An important turning point in India’s industrial and technical development was the unveiling of TATA Electronics’ ₹91,000-crore semiconductor production facility at Dholera, Gujarat.
Prime Minister Narendra Modi was present when TATA Electronics and ASML signed a strategic agreement at the latter’s Veldhoven, Netherlands, headquarters on May 16, 2026.
In partnership with Taiwan’s Powerchip Semiconductor Manufacturing Corporation, ASML, the only producer of extreme-ultraviolet lithography machines, pledged to provide lithography systems, technical training, and ecosystem support for India’s first commercial fabrication plant. By late 2026, the plant is anticipated to generate its first commercially viable wafers.
The cutting edge of 2nm or 3nm technology will not be pursued by the Dholera fab. With extra capacity for 40, 55, 90, and 110nm nodes, it will instead concentrate on 28nm chips. These developed nodes serve as the foundation for embedded silicon, telecom radios, automotive electronics, power management systems, and industrial sensors.
Only 3% of the world’s wafer volume is at 3nm and below, and about 70% is at 28nm and above. India is making a pragmatic decision by designing for the chips that its economy actually uses rather than the ones that make headlines.
The argument that India should go straight for 3nm or 7nm ignores the past. Every prosperous semiconductor nation started off on the periphery of its time and worked its way up. It took 35 years for TSMC to reach 3 nm, having begun at 3 microns in 1987.
After significant state subsidies, SMIC only achieved 7nm-class production in 2023, having started at 180nm in 2000. Chartered Semiconductor in Singapore and Silterra in Malaysia, on the other hand, were unable to maintain their competitiveness because they either chased the leading edge too soon or stagnated at the following edge without anchoring. Due to a lack of market demand or financial closure, India’s previous attempts—from the SCL factory in Mohali to the SemIndia and Jaypee-IBM ventures—failed.
But the market still exists today, propelled by defense electronics, EVs, smartphones, and geopolitical detachment from China.
The economic justification is obvious. In contrast to $20 billion for 3nm and $28 billion for 2nm, the establishment of a 28nm fabrication plant costs between $10 and $15 billion. The High-NA EUV scanners from ASML, which are necessary for sub-7nm production, weigh as much as two Boeing 777s, cost $380 million each, and require six months to install.
The issue is demand, not affordability. In March 2026, Renesas introduced its flagship 28nm automotive microcontroller.
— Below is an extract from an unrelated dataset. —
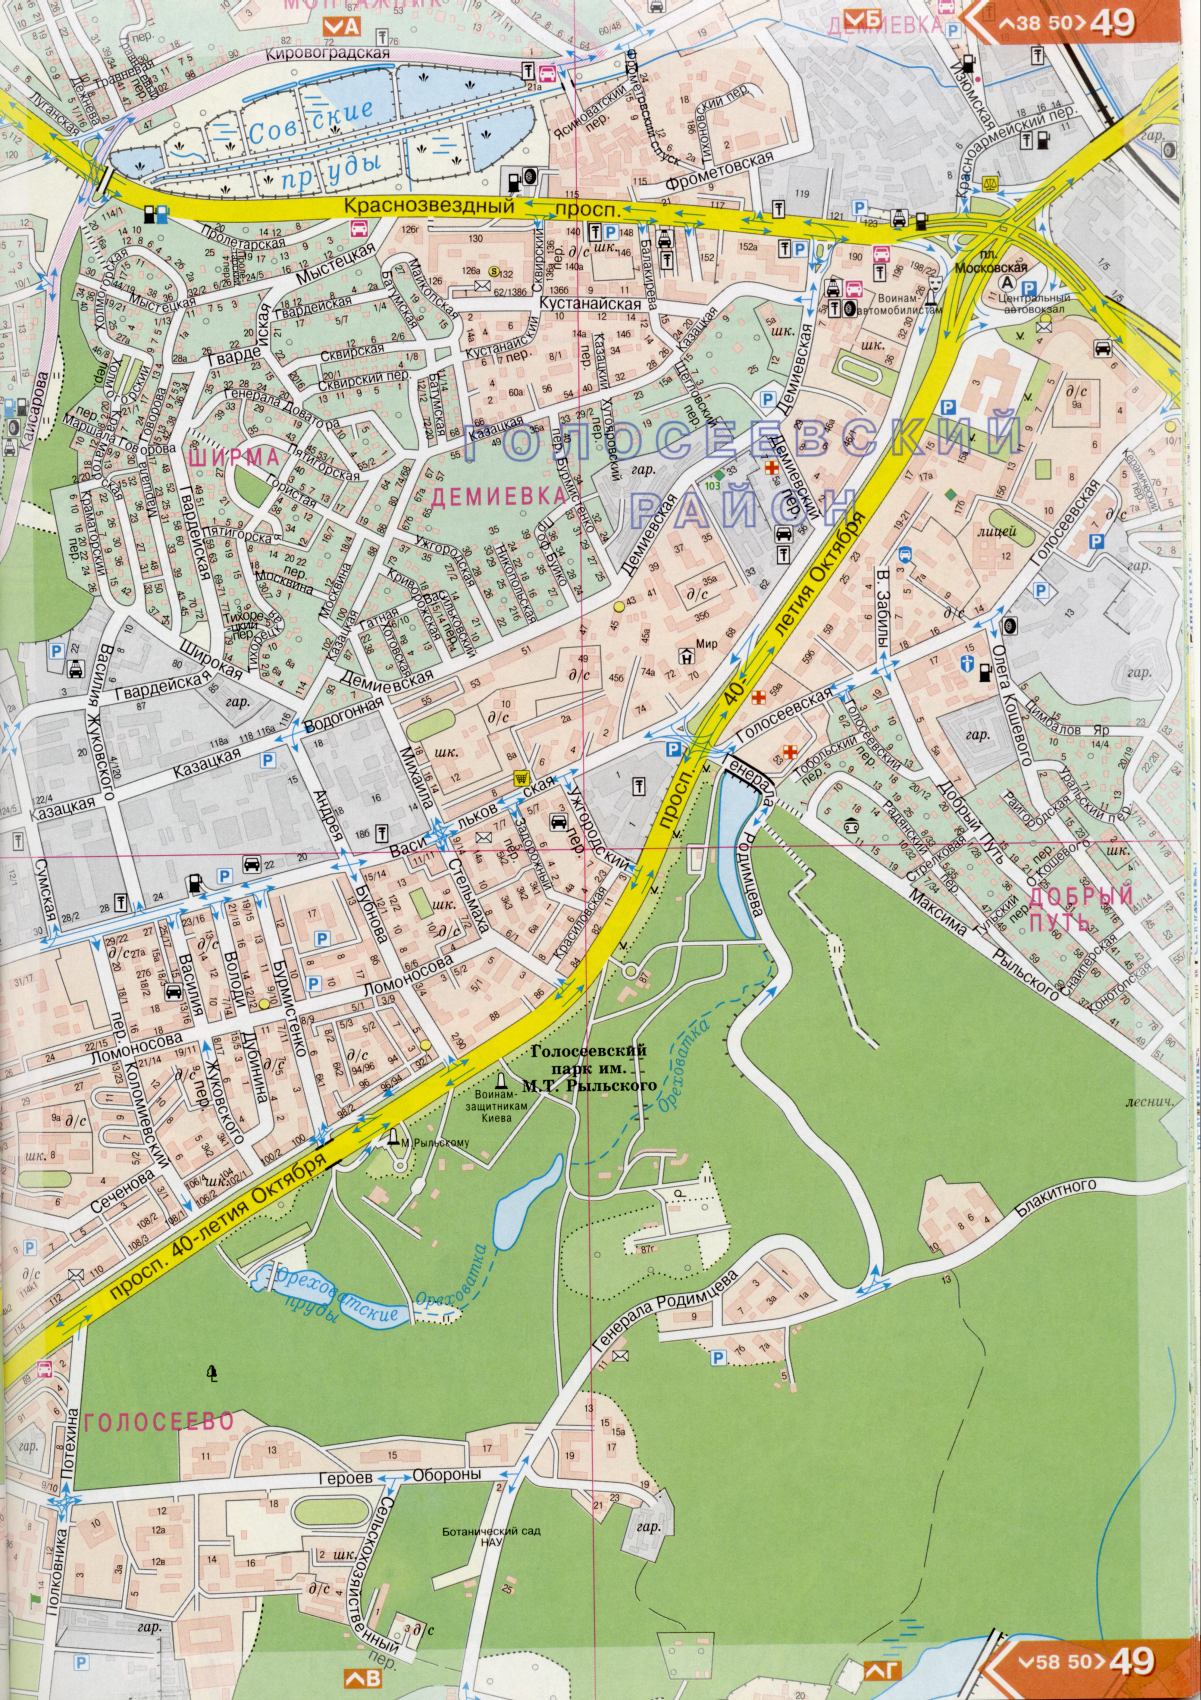 Kiev carte détails 1cm = 150m pour 45 feuilles. Carte de Kiev de l'atlas des routes. Télécharger une carte détaillée, E4
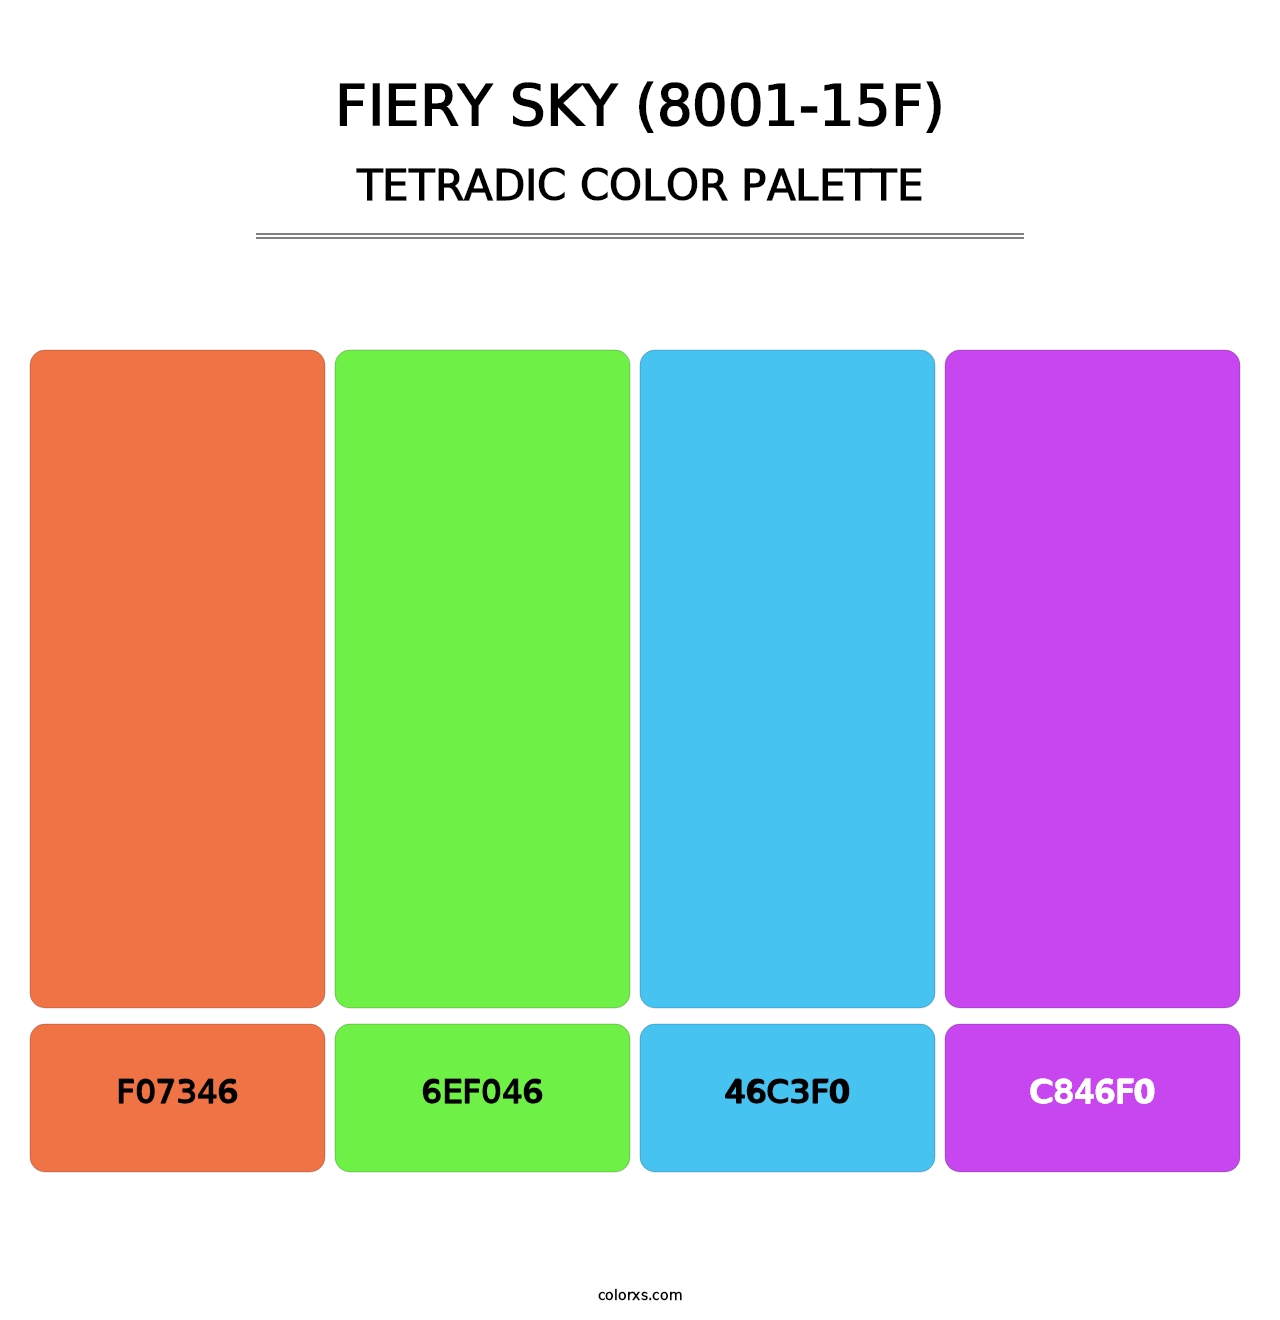 Fiery Sky (8001-15F) - Tetradic Color Palette

Eighty percent of the chips in contemporary cars are between 28 and 180 nm in size, according to the US Bureau of Industry and Security.
Between 1,400 and 3,000 chips are found in a single passenger car, and shortages of 28–90nm microcontrollers—not 3nm processors—caused the worldwide auto crisis in 2021. In September 2021, Maruti Suzuki alone reduced production by 51%, costing the Indian auto industry approximately ₹25,000 crore in missed sales.
The ecology of India is being put together concurrently. The back-end assistance for packaging, testing, and integration is provided by TATA’s OSAT facility in Jagiroad, Micron’s Sanand plant, which opened in February 2026, CG Power-Renesas at Sanand, and Kaynes Semicon’s operations since March 2026.
India will have a full supply chain in place by the time Dholera’s wafers are released. Compared to previous flops where fabs were presented without a domestic market or supporting ecosystem, this represents a significant shift.
There are still difficulties. Only 15% of the Design-Linked Incentive scheme’s FY24 budget was disbursed, according to analysts like Pranay Kotasthane, who draw attention to execution flaws. SMIC has already slashed wafer pricing to flood the market, and China’s Big Fund-III is investing $47 billion at 28nm.
However, trade impediments from the West bolster India’s position. Section 5949 of the US NDAA will prohibit federal contractors from using Chinese chips in key systems starting in December 2027. The US slapped a 50% tariff on Chinese semiconductors in January 2025, with additional increases due in 2027. There must be a reliable source for mature-node capacity from trusted suppliers, and India is becoming a viable option.
By 2028, the Dholera factory is anticipated to reach full capacity, generating more than 20,000 employment and establishing a supplier network for packaging, chemicals, and gases.
India’s electronics sector, which imported parts worth ₹34,000 crore last year, will benefit directly from it. Given that semiconductor success is a multi-decade marathon, the project reflects India’s desire to walk before it runs.
India has finally reached the beginning of a thirty-year journey by selecting 28nm. The appeal of 3nm can wait; Dholera will make the semiconductors that India really needs.